How semiconductors work
Semiconductors are a very important and essential piece of technology when it comes to our modern electronics. Replacing vaccuum tubes and significantly furthering the ability of relatively new fields such as computing and the world of communications as well as improving their reliablity and cost, semiconductors truly are the 'soul of electronics'.
A semiconductor is any material that has the ability to conduct a small amount of electrical current. Many basic electronic components contain these semiconductive materials, such as diodes, transistors and photovoltaic cells. You'll often find silicon, gallium or arsenide being used to perform this role.

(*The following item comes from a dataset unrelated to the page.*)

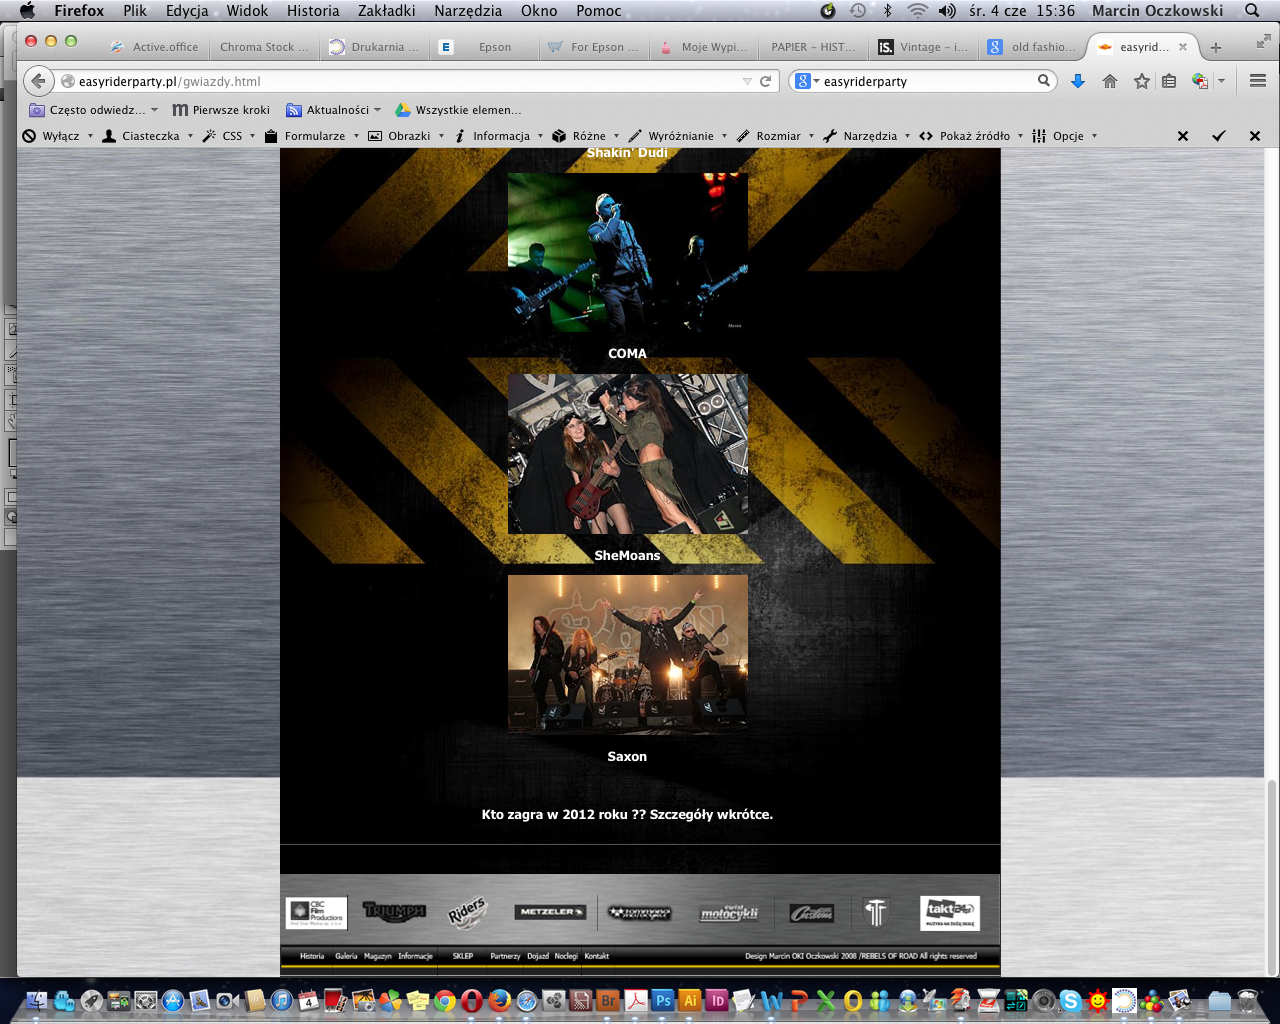 Zrzut ekranu 2014-06-4 o 15.36.47

This is due to the electron structures of these elements which allow them to be in basically what could be called the 'goldilocks zone' when it comes to conducting electricity. You may be familar with the idea that metals are generally a 'good' conductor of electricity. This is due to atoms of metallic elements being binded to together by a sea of electrons, allowing electricity to be able to pass through the metal compound with ease with little reduction to its own properties such as voltage or current. This is because the free electrons 'assist' the electrical charge in traversing through the metal. The more free electrons their are, the more easily the electrical charge can pass through the metal. However their are 'bad' conductors of electricity as well which are not the same as insulators which effectively stop the electricity passing through it altogether.
Materials that are considered to be bad conductors still pass electricity, however, the electricity does not come out the same as it entered. The electricity's voltage, current and other properties are reduced by a large margin, becoming much smaller than to what it was before. As mentioned above, semiconductors are neither of these. They, as their name suggest, are neither good at nor bad at conducting electricity. They are in the middle of the road when it comes to conducting electricity.
This is because the atoms of all semiconductor materials, like silicon, arsenide and gallium all have four electrons in their outermost orbit (the valence shell). This allows these atoms to form single convalent bonds with other atoms of (in this case) the same element. Allowing the atoms to create a overall lattice shape.
This is especially useful because it means we can easily control the amount of electricity, and more specifically, the amount of current that passes through a circuit, by simply adding or removing impurities. As the introduction of a small amount of 'impurities' (such as boron) causes this lattice to become unstable, producing free electrons. Increasing the amount of current that is able to pass through the semiconductor. The entire relationship can be described as so:
Increased amount of impurities (known as 'doping') -> Increase in free electrons in the lattice of the semiconductor -> Increased in the amount of current that is able to pass through to the rest of the circuit
With the use of modern manufacturing techniques, we are able to manipulate the state of the semiconductor both during manufactoring and whilst the semiconductor is in use via electricity, magnetic fields, light or heat exposure.